== DATA SHOWN ==
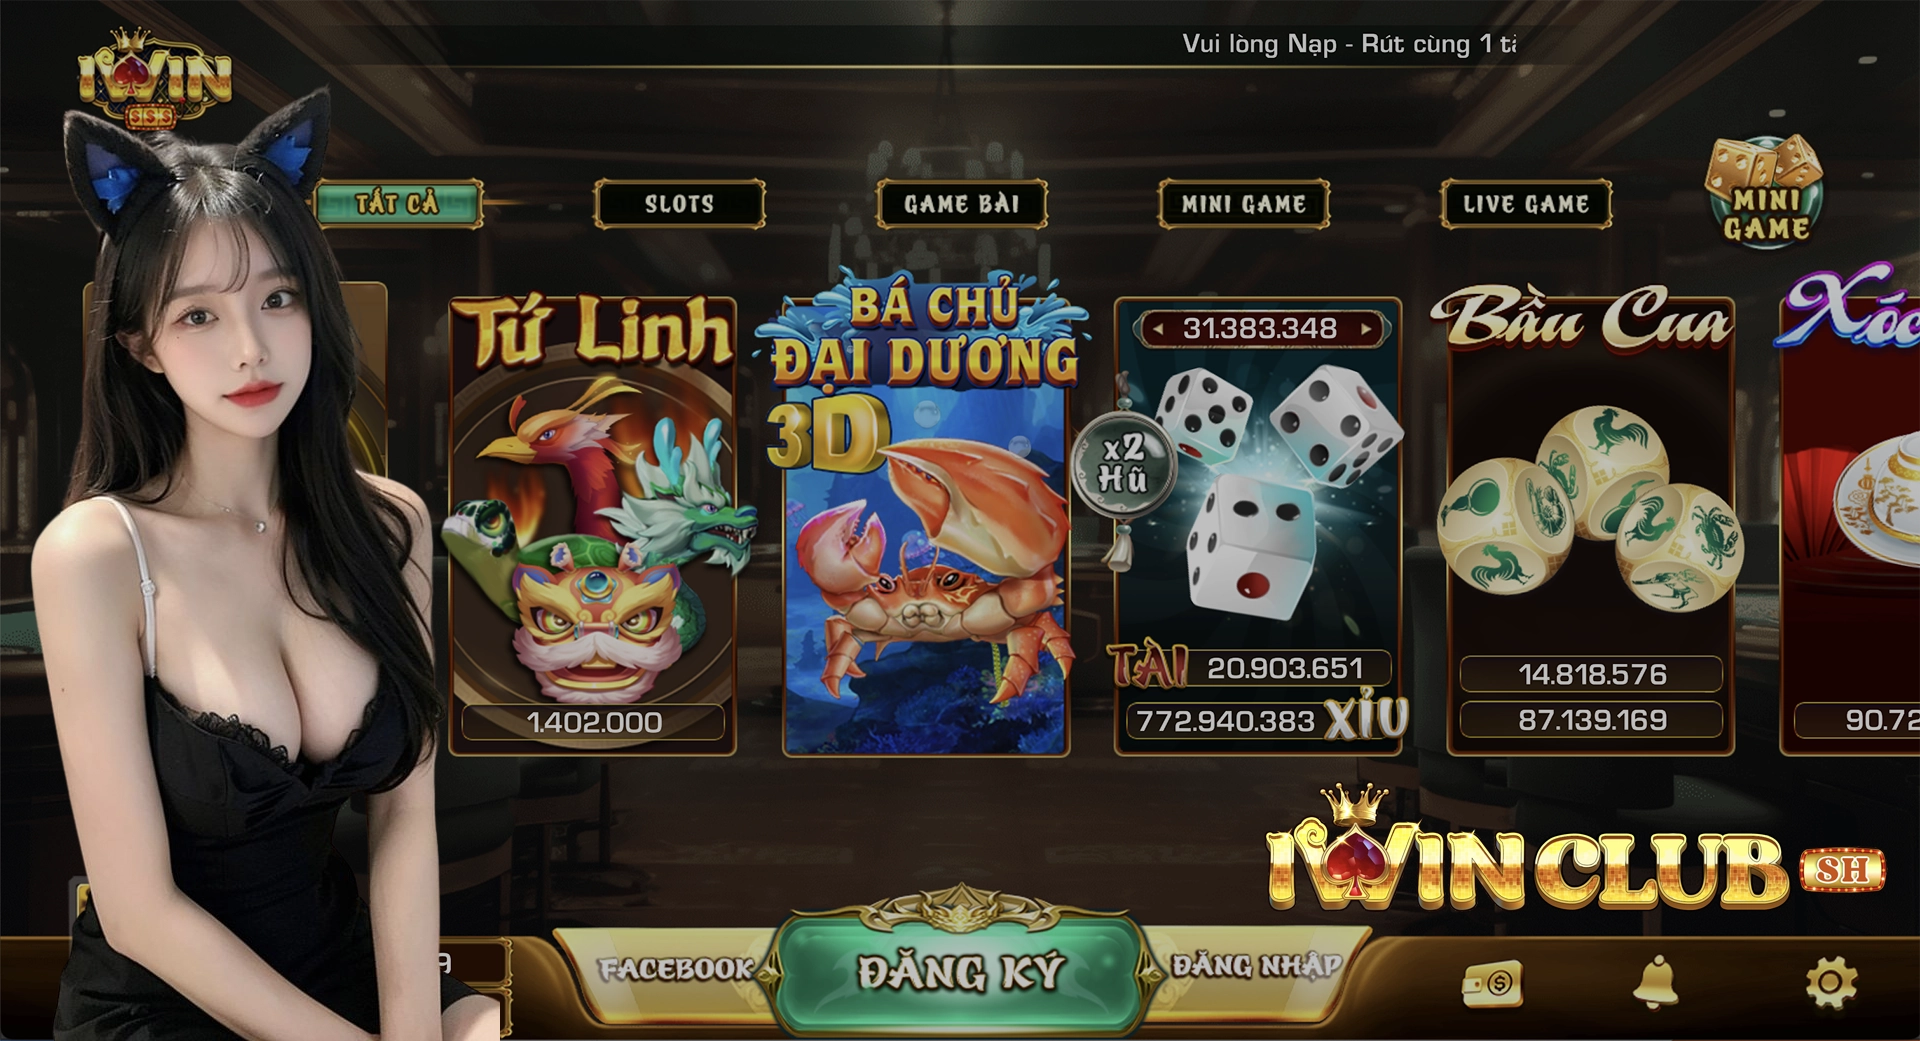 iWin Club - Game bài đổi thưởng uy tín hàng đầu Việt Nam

---

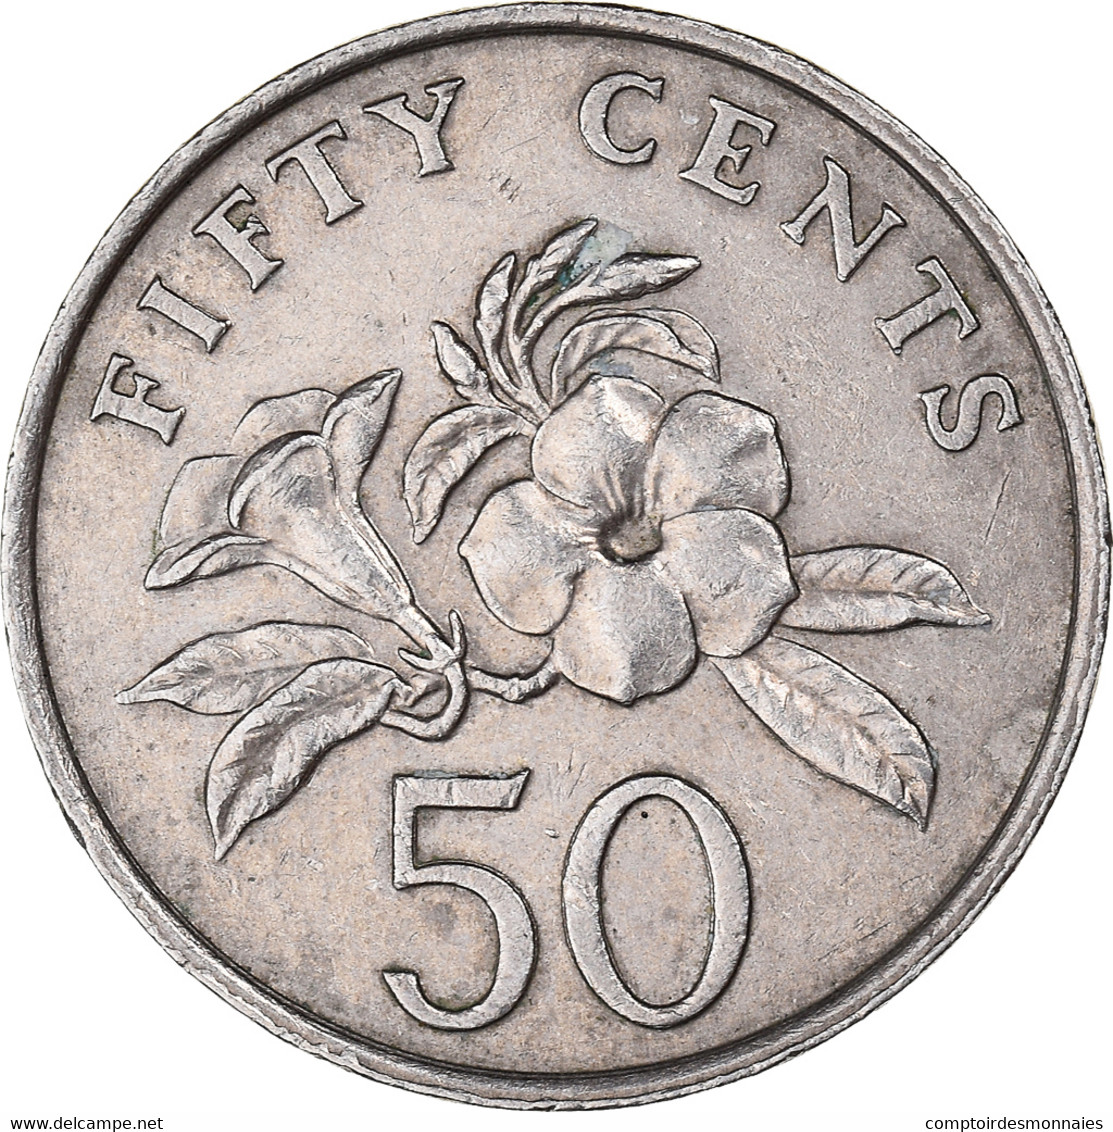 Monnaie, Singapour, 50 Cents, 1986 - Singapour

* * *

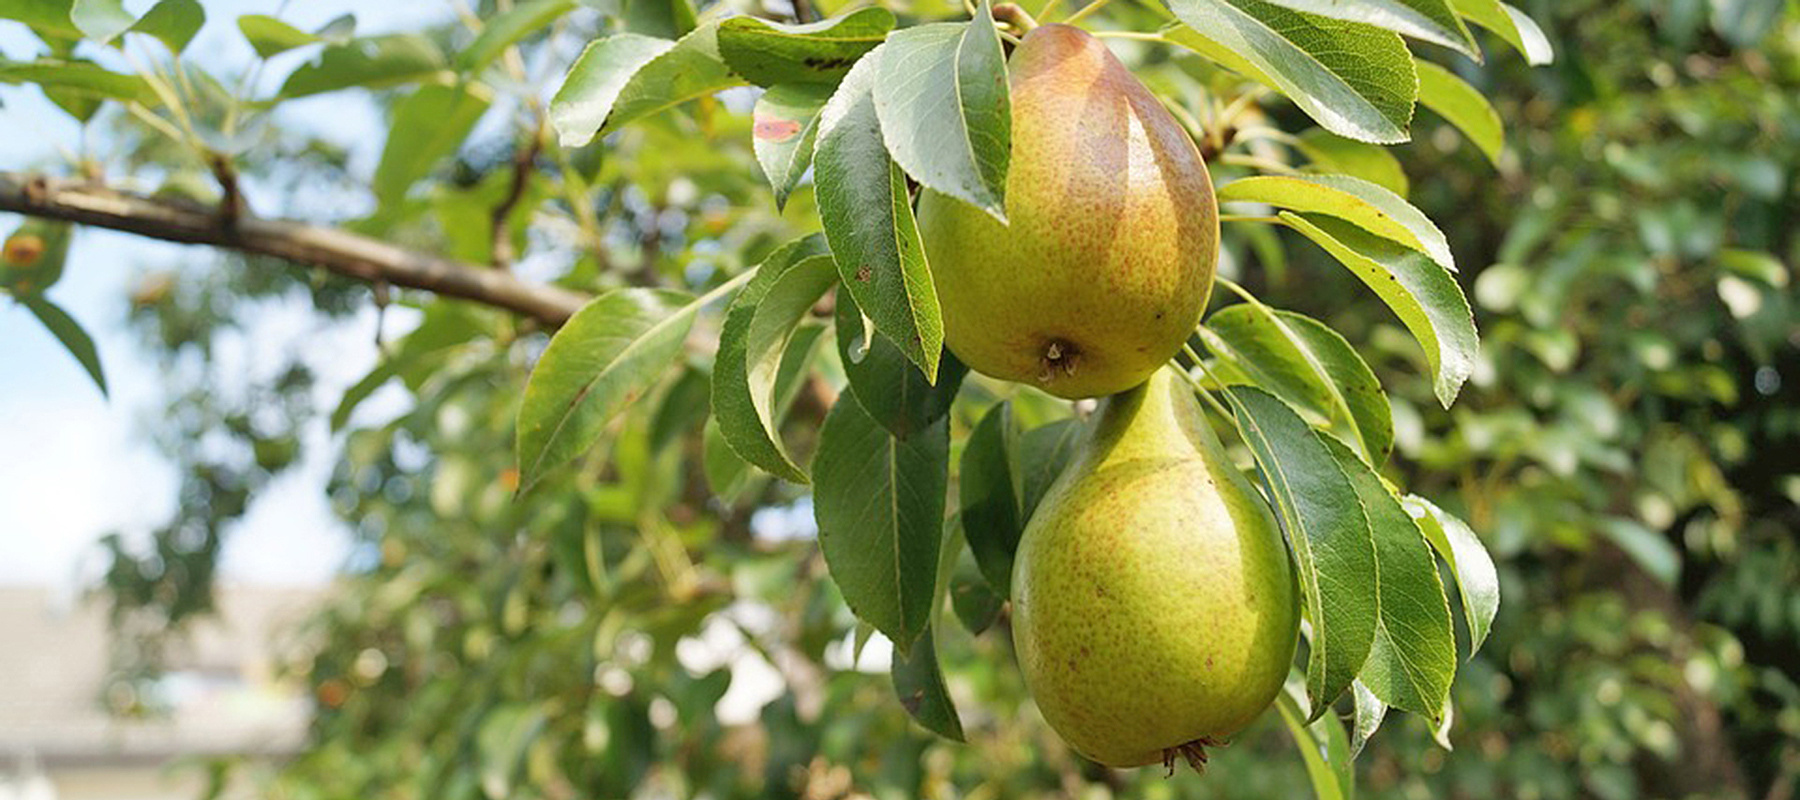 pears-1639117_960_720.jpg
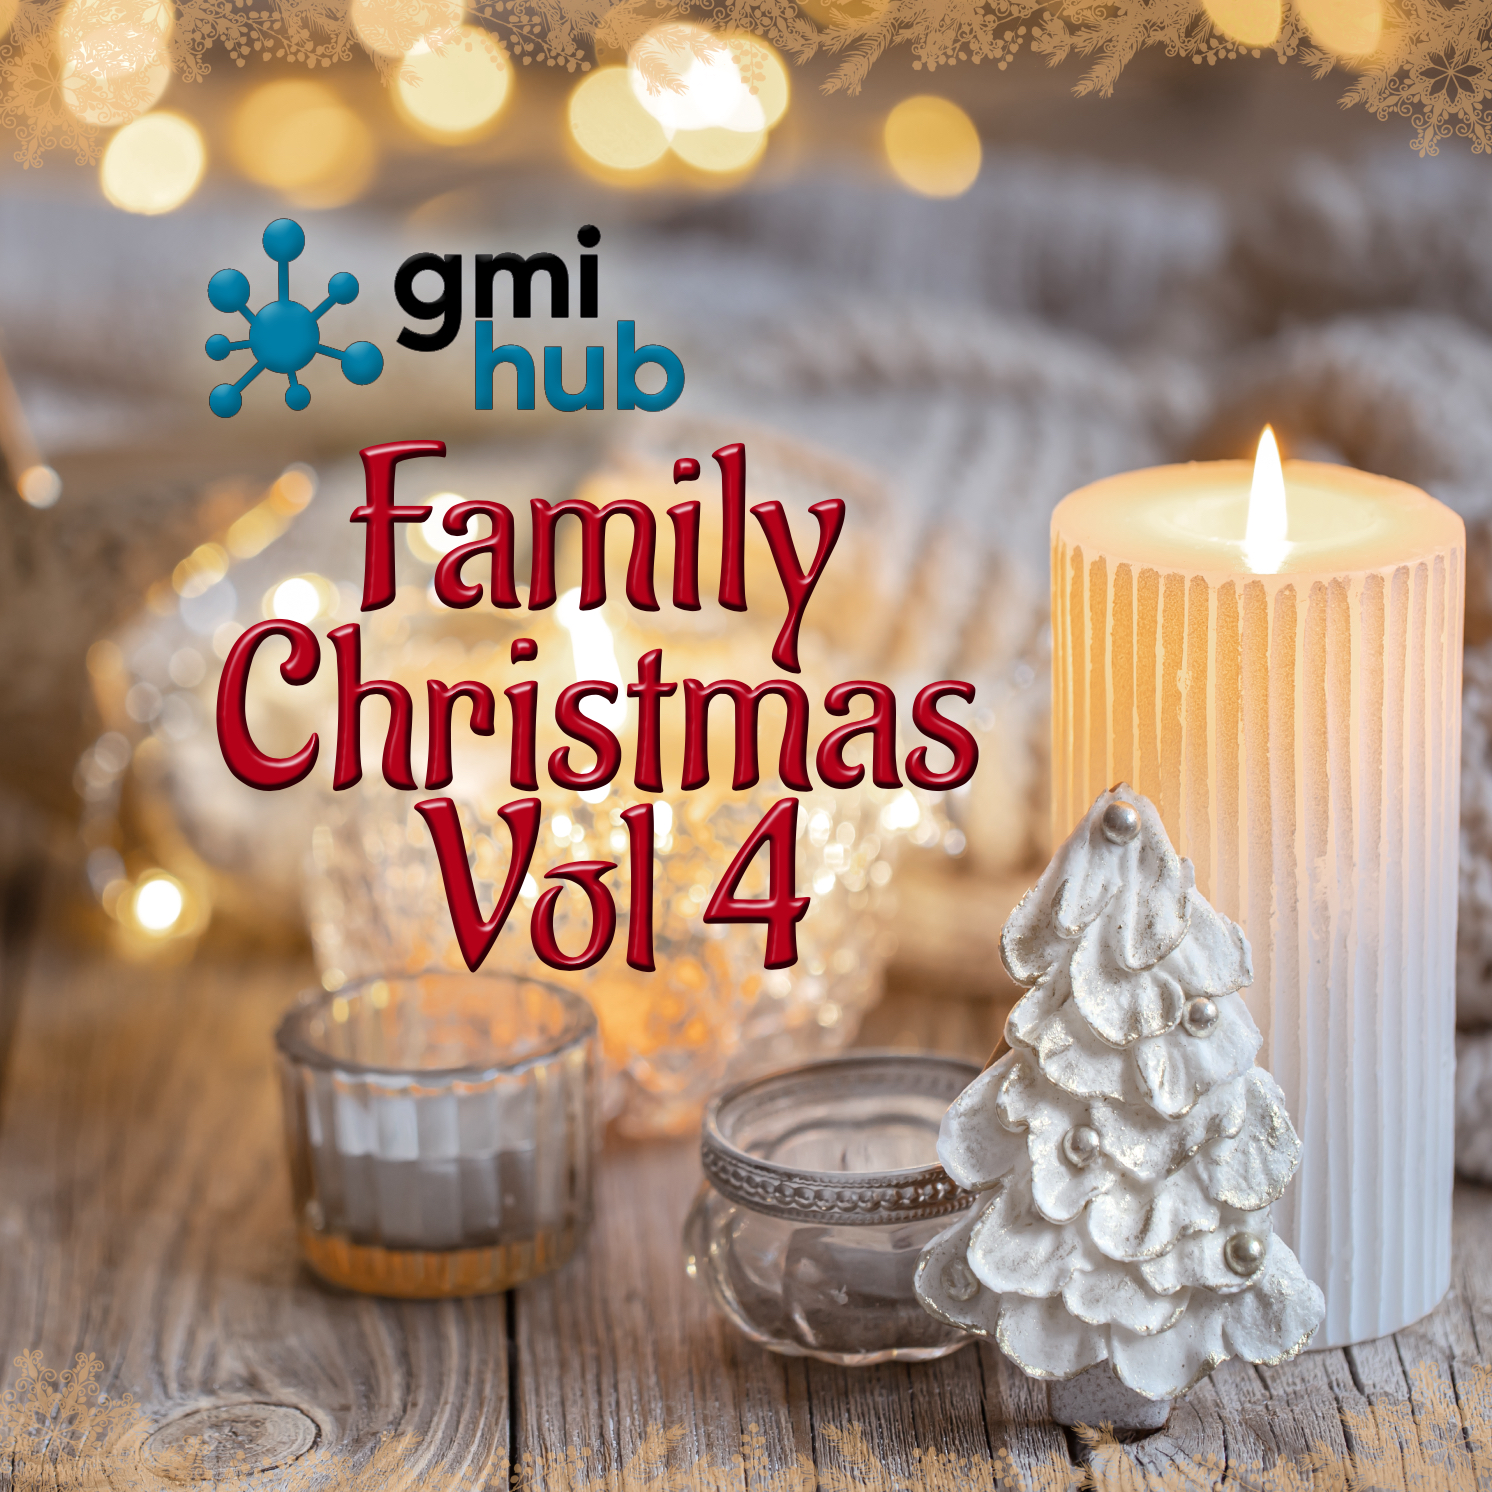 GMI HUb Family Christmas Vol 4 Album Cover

== TASK DIRECTIONS ==
Please repeat the lines of the material above exactly, starting with the line that contains "pears-1639117_960_720.jpg" and ending with the line that contains "GMI HUb Family Christmas Vol 4 Album Cover". Leave the pictures out.

== RESPONSE BOX ==
 pears-1639117_960_720.jpg
 GMI HUb Family Christmas Vol 4 Album Cover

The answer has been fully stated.